(Stored entries)
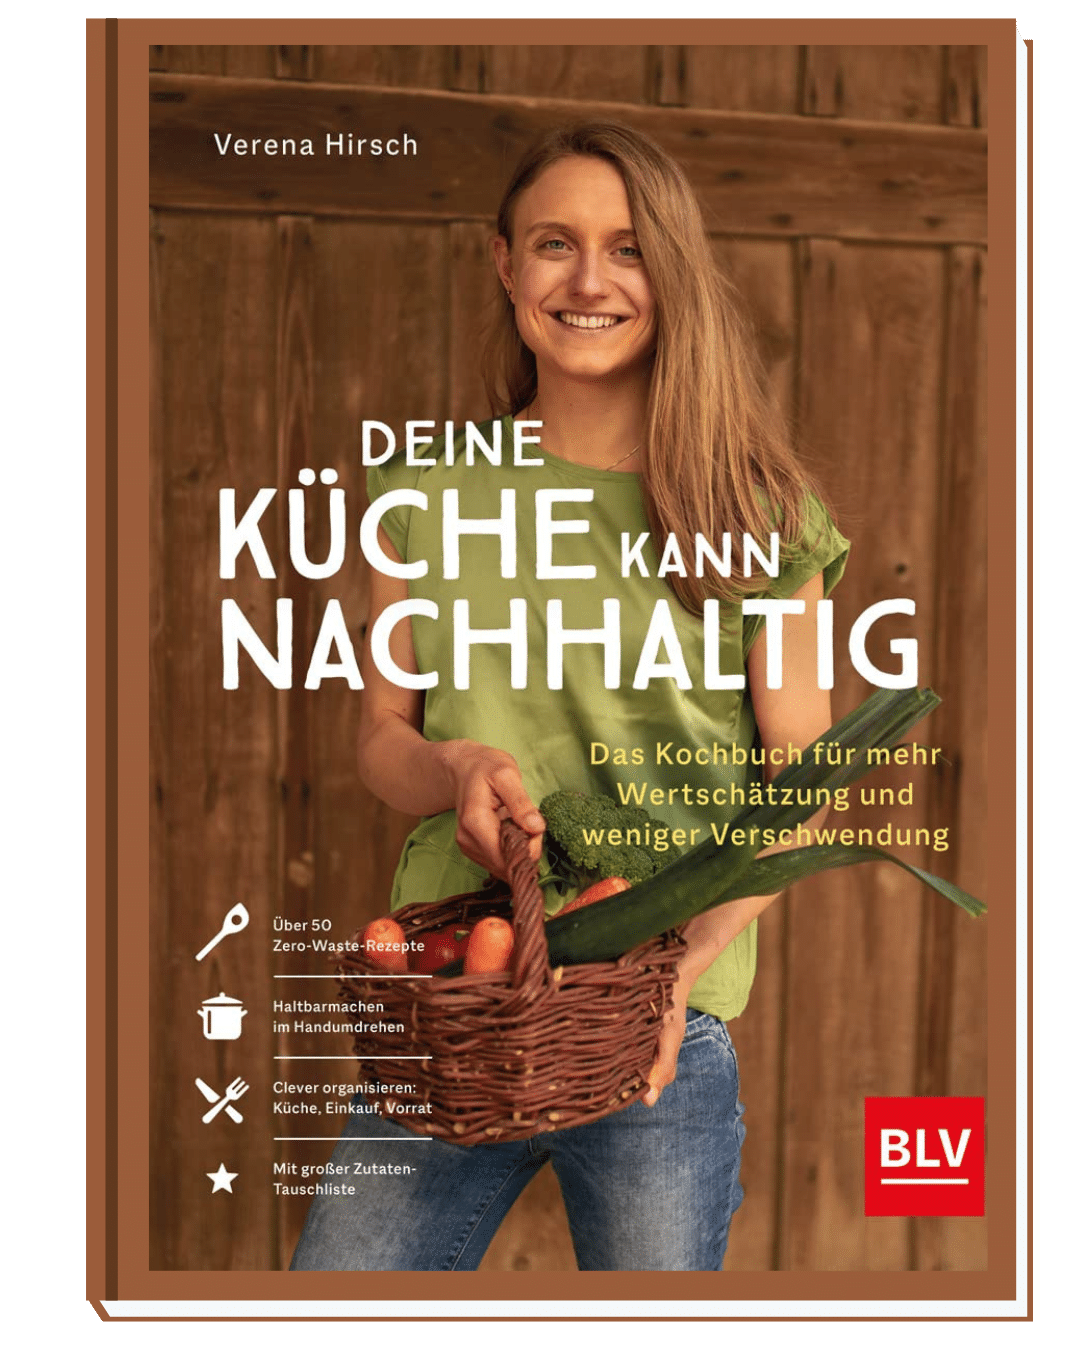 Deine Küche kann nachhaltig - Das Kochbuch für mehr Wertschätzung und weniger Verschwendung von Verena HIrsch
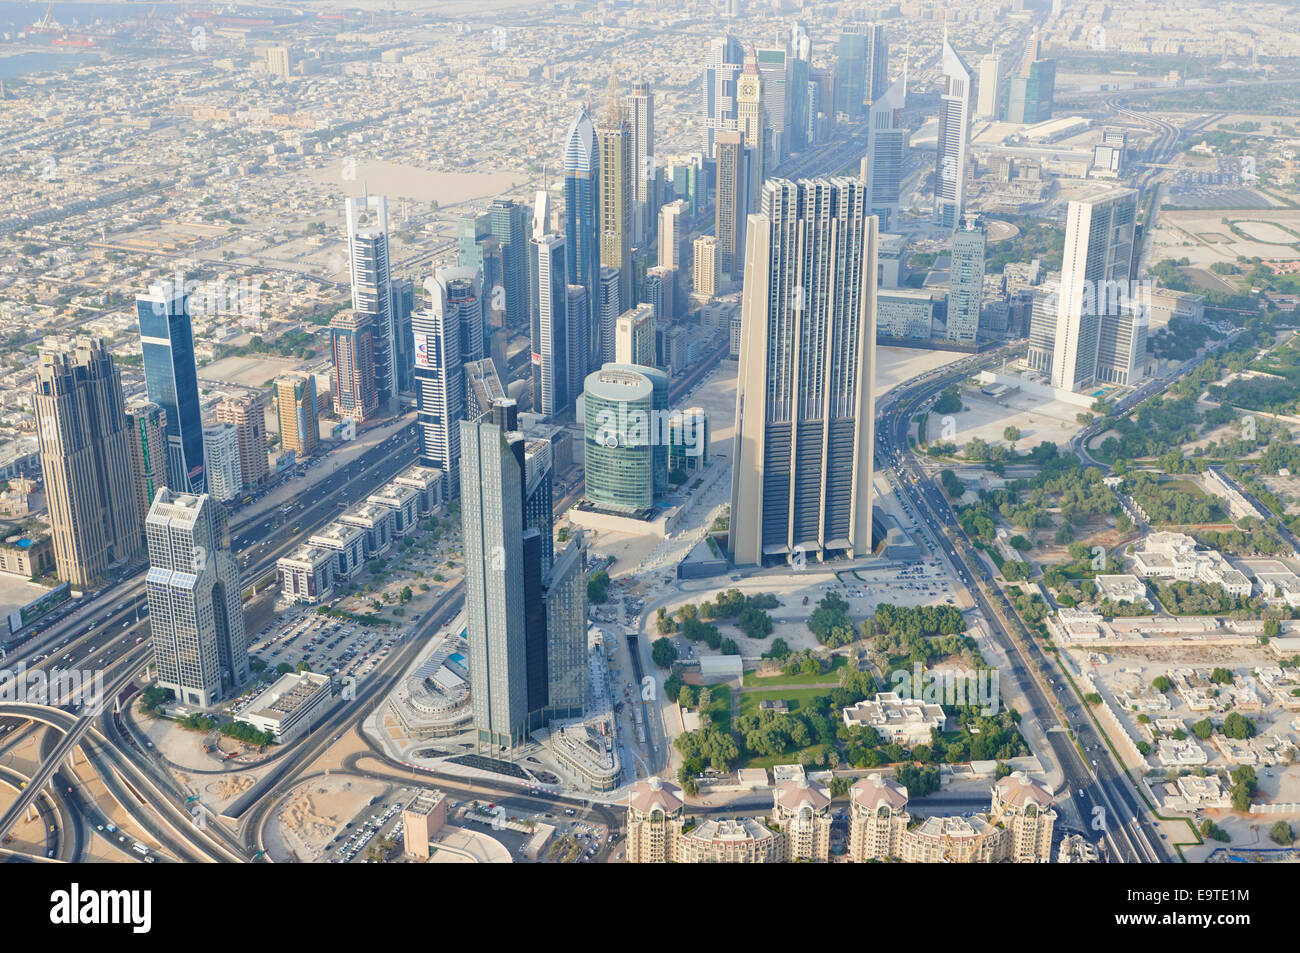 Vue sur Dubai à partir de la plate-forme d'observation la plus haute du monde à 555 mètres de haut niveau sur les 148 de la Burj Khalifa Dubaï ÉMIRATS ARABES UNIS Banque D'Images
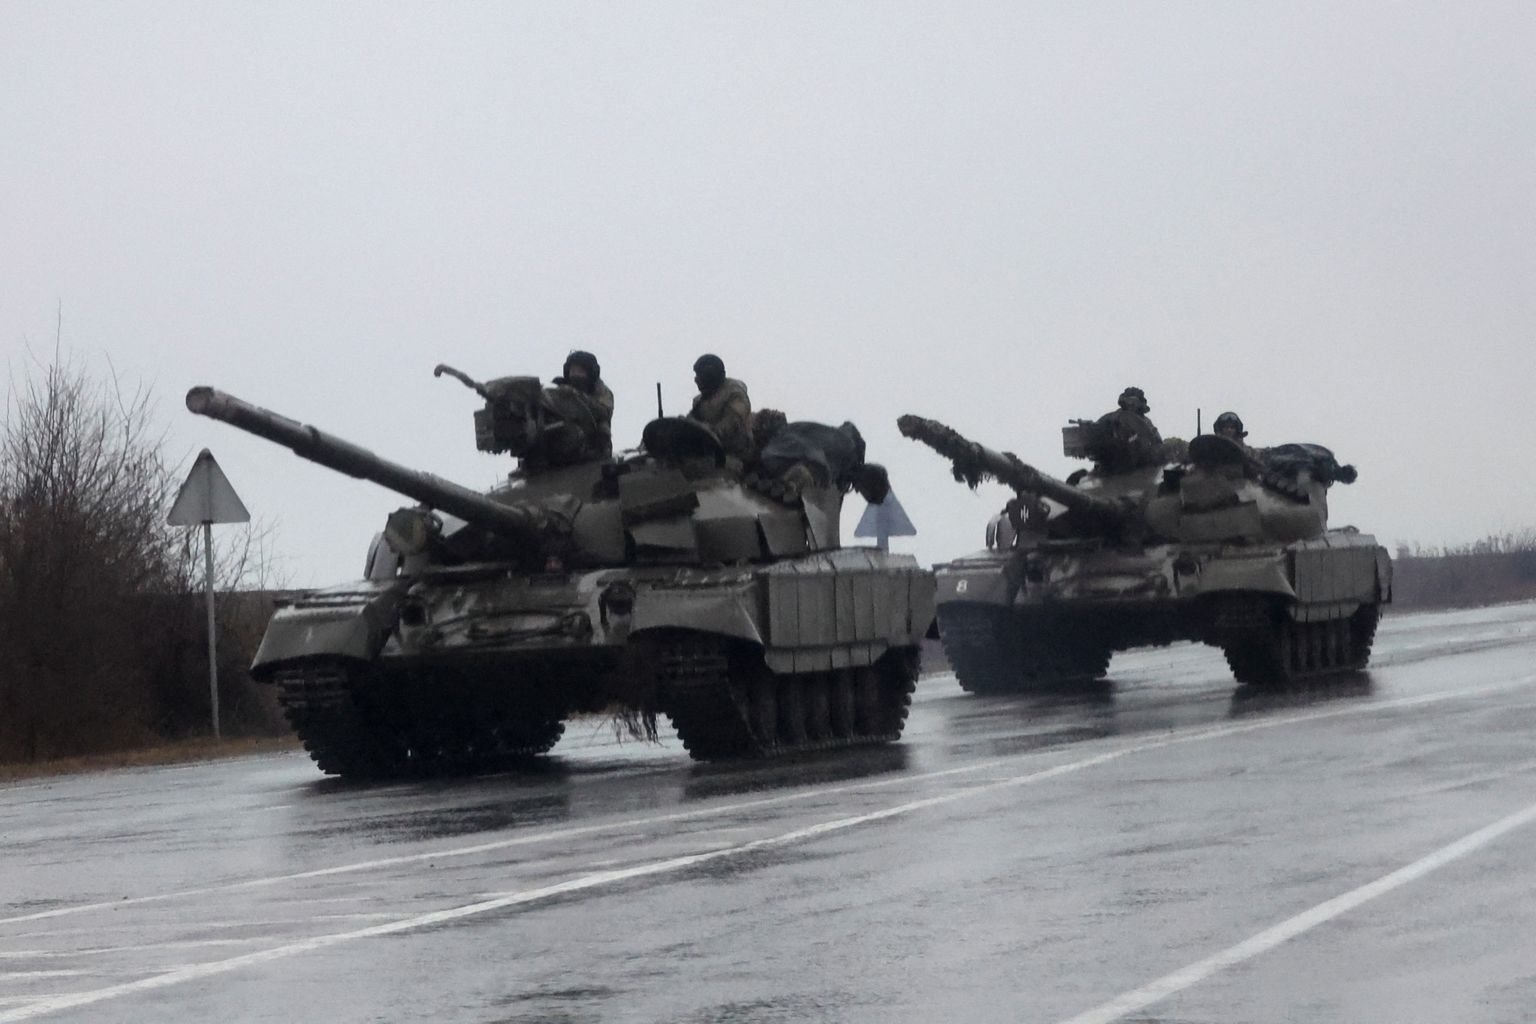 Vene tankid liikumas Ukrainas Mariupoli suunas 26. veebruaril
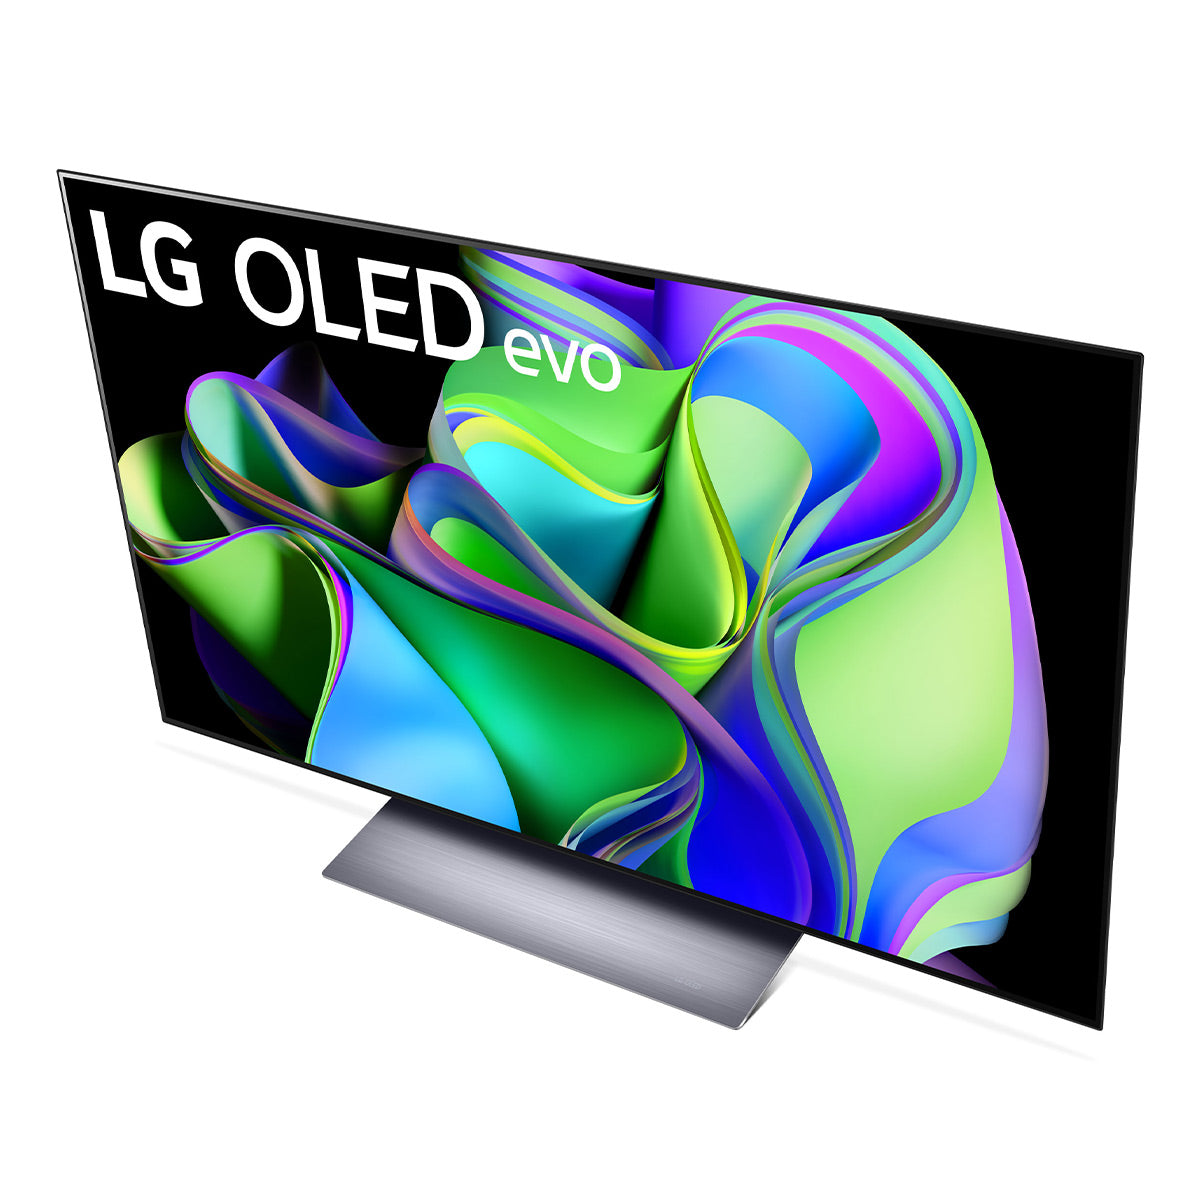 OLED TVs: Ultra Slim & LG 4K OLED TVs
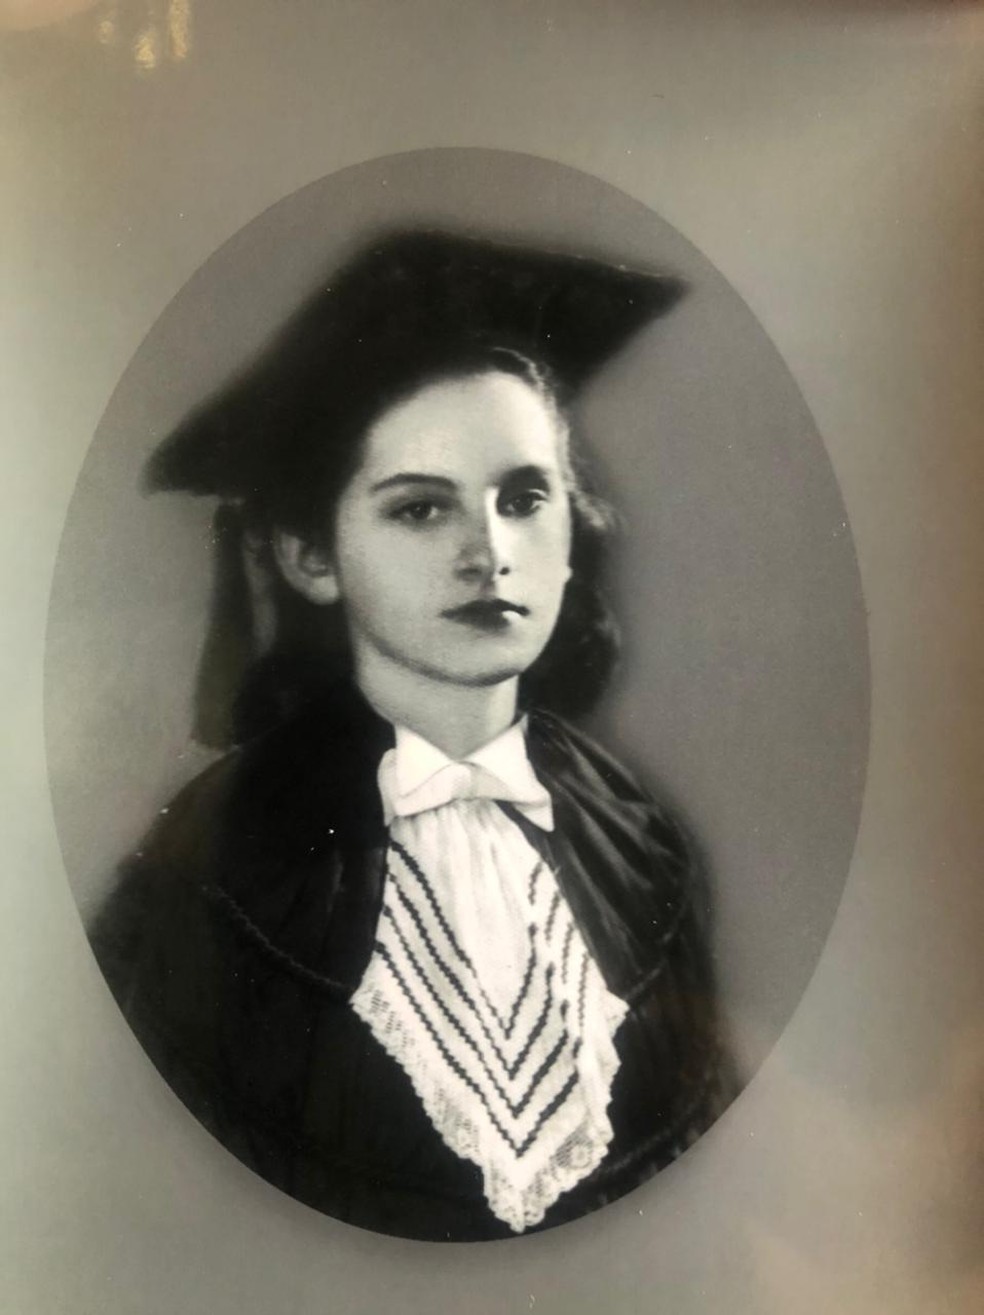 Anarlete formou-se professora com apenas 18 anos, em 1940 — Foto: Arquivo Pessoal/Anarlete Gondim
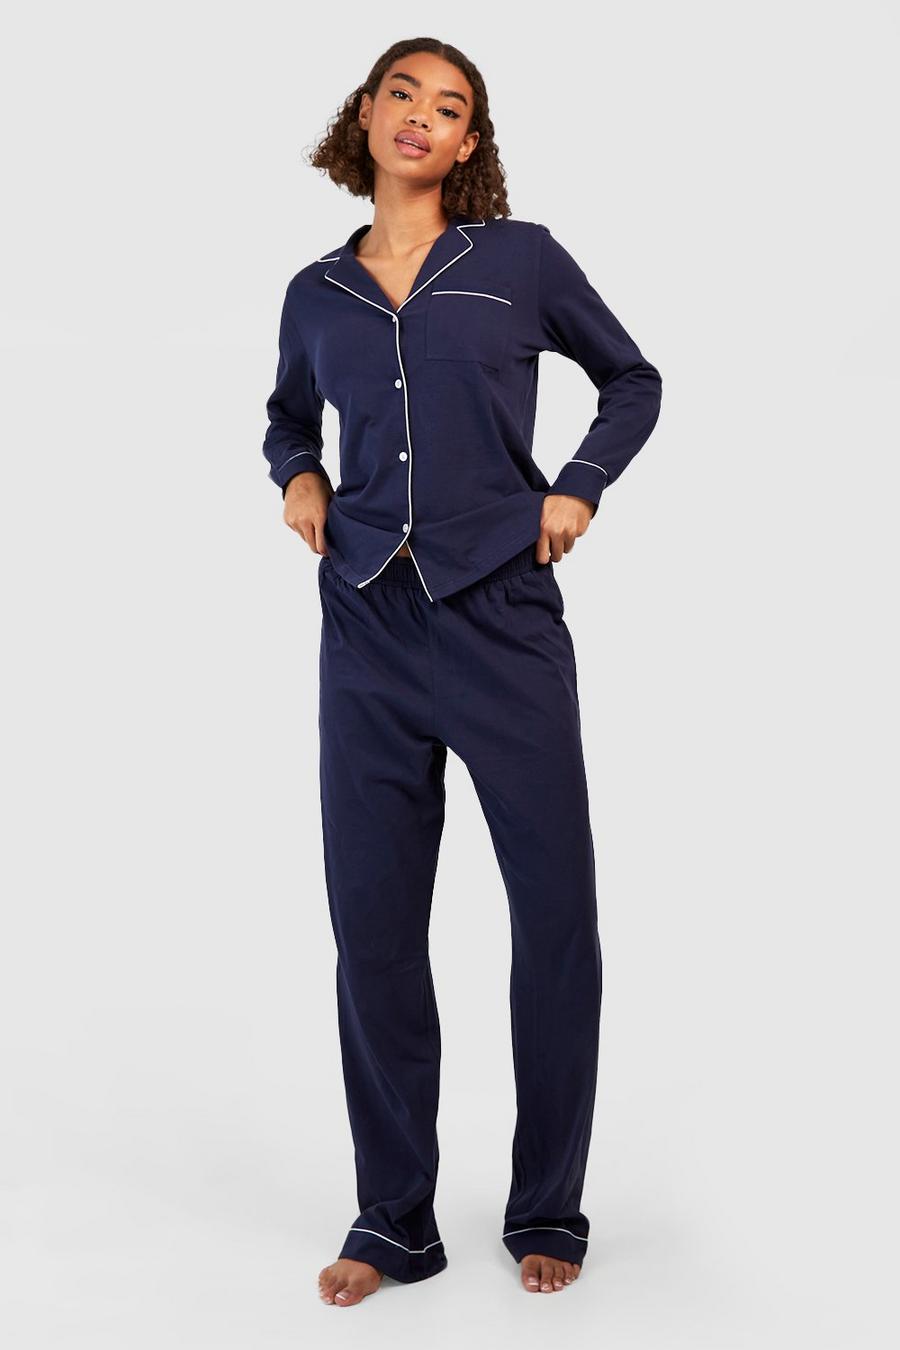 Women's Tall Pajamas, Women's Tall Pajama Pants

> _What this task involves_:
The entries above are to be repeated exactly, except for any pictures.

> _Response to this task_:
 Deine Küche kann nachhaltig - Das Kochbuch für mehr Wertschätzung und weniger Verschwendung von Verena HIrsch
 Vue sur Dubai à partir de la plate-forme d'observation la plus haute du monde à 555 mètres de haut niveau sur les 148 de la Burj Khalifa Dubaï ÉMIRATS ARABES UNIS Banque D'Images
 Vene tankid liikumas Ukrainas Mariupoli suunas 26. veebruaril
 OLED TVs: Ultra Slim & LG 4K OLED TVs
 Anarlete formou-se professora com apenas 18 anos, em 1940 — Foto: Arquivo Pessoal/Anarlete Gondim
 Women's Tall Pajamas, Women's Tall Pajama Pants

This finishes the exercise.